The author of the Transformer paper started his own business again, and the second generation of Tesla humanoid robot Optimus was unveiled
1. Li Feifei and Google’s game-breaking work! Use Transformer to generate realistic videos to achieve photorealism
Li Feifei and the Stanford team teamed up with Google to develop a model called W.A.L.T. They successfully integrated the Transformer architecture into the video diffusion model to create photorealistic videos. It achieves an extremely high level of coherence and detail in video generation.
The core of the W.A.L.T model is to use a causal encoder to jointly compress images and videos in a shared latent space, and to adopt a windowed attention-based Transformer architecture to improve memory and training efficiency. This structure enables the model to generate realistic and consistent video based on natural language cues.

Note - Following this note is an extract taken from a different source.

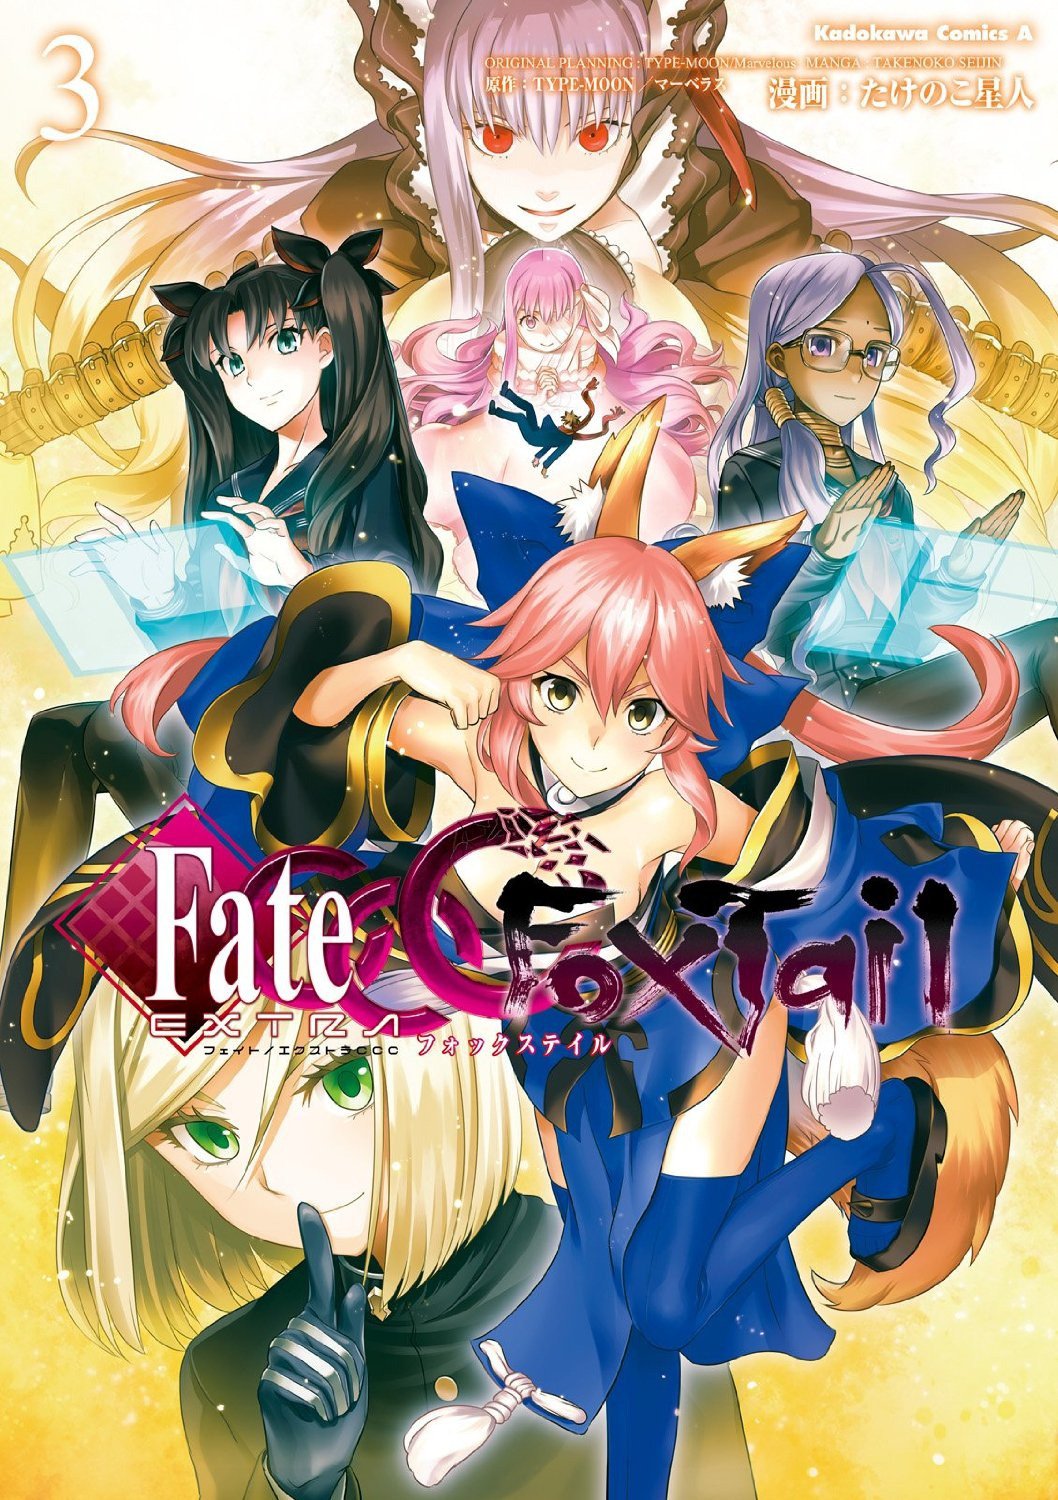 Type Moon たけのこ星人 Fate Extra Ccc Foxtail 第01 04巻 Comic Downfan Club

In experiments, researchers used a variety of tasks to evaluate the performance of W.A.L.T, including category-conditioned image and video generation, frame prediction, text-based video generation, etc. The results show that W.A.L.T performs well in multiple benchmarks, especially on the UCF-101 benchmark, where its zero-sample FVD score reaches the current best.
2. Google DeepMind’s most advanced visual large model Imagen 2 is released, supporting patching and image expansion.

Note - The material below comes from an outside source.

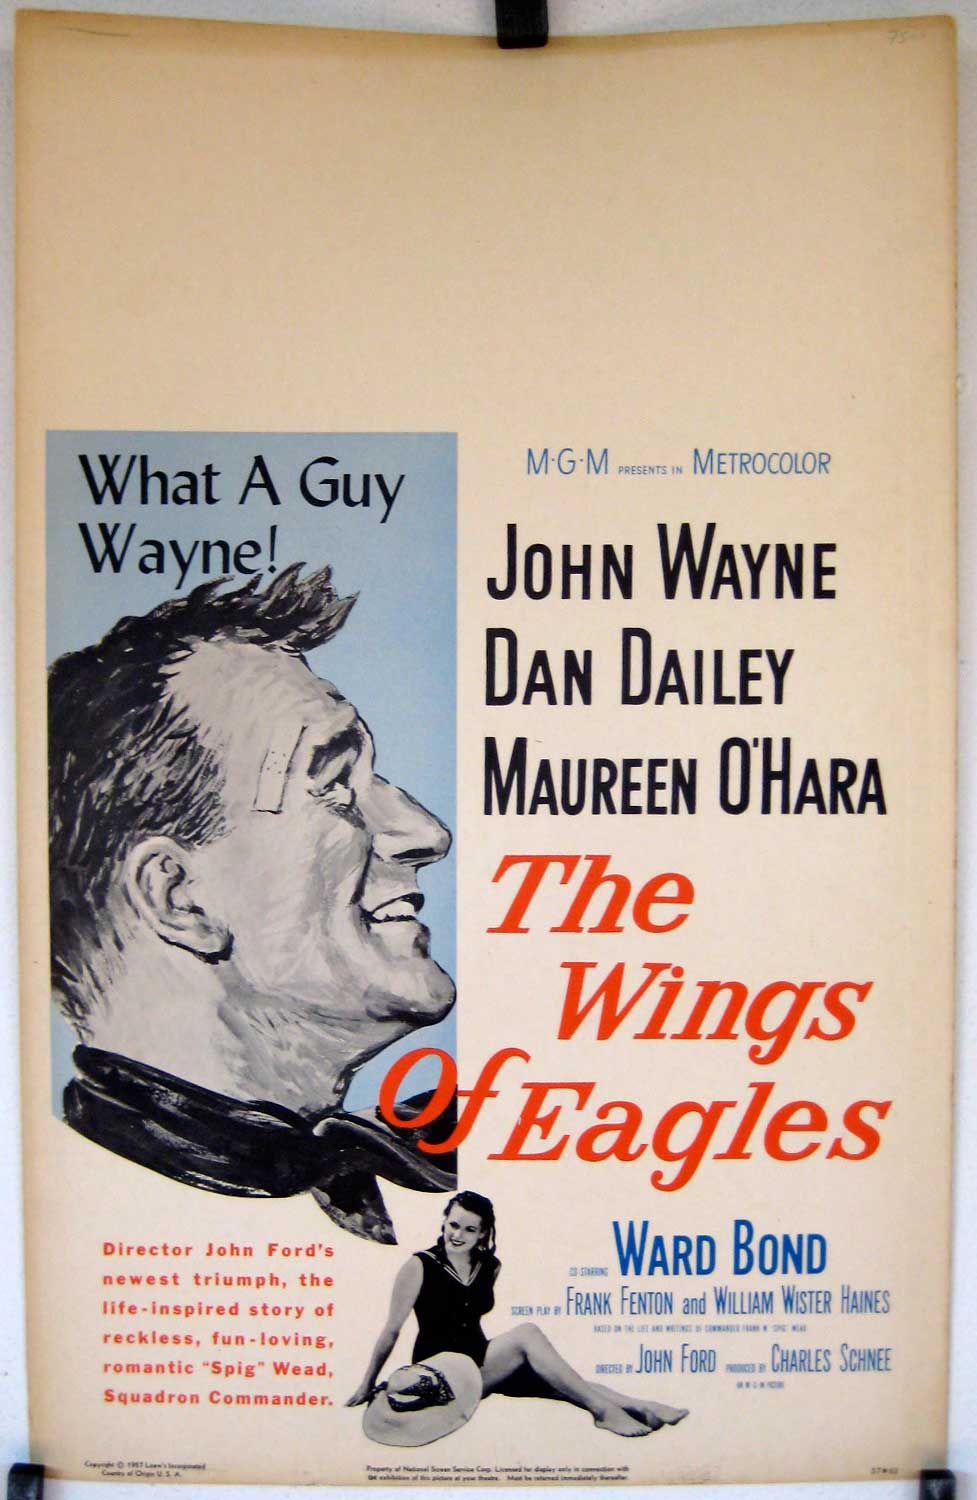 WINGS OF EAGLES, THE

Google DeepMind has released its latest large-scale visual model, Imagen 2. Its core feature is its ability to generate high-quality, realistic images that are highly consistent with user prompts based on specific user prompts.
To achieve this goal, Google DeepMind has optimized the training data set of Imagen 2, adding more detailed image descriptions to more accurately respond to user prompts. This enhanced image-description pair helps Imagen 2 better understand the relationship between images and text, improving understanding of context and nuance.
Imagen 2 also makes significant progress in solving common problems with text-to-image tools, such as rendering realistic hands and faces, and keeping images free of artifacts that interfere with vision.
In addition to generating high-quality images, Imagen 2 also supports image editing functions such as inpainting and outpainting, providing users with more creative space. At the same time, in order to reduce the potential risks and challenges of text-to-image generation technology, the Google team has set up strict safeguards at all stages of design, development, and product deployment to avoid generating potentially problematic content.
3. With mobility close to that of humans, the second generation of Tesla humanoid robot Optimus is launched
After more than a year, Tesla’s second-generation humanoid robot Optimus was recently unveiled. Compared with its predecessor, its highlight lies in its high degree of flexibility and practicality. It can perform complex movements such as squatting and dancing, indicating that its mobility is very close to that of humans.
Optimus made its debut in October 2022. At that time, it had 27 degrees of freedom of hand movement, but it was not yet able to perform complex movements such as dancing. By May 2023, Optimus will have the ability to walk smoothly and grab objects. In September, it evolved further to be able to classify objects autonomously.
The latest Optimus II has made significant improvements on the original basis. It is about 1.72 meters tall, can move at a speed of about 8 kilometers per hour, has a walking speed increased by 30%, and is 10 kilograms lighter. Its feet are designed to mimic humans, with articulated toes and foot force/torque sensing for a more human-like walking style. In addition, the hand design of Optimus II is also very advanced, with 11 degrees of freedom, allowing it to flexibly operate and handle delicate objects such as eggs.
As technology continues to advance, the second generation of Optimus and its subsequent products may play an important role in multiple fields, including home services, industrial manufacturing and even the entertainment industry.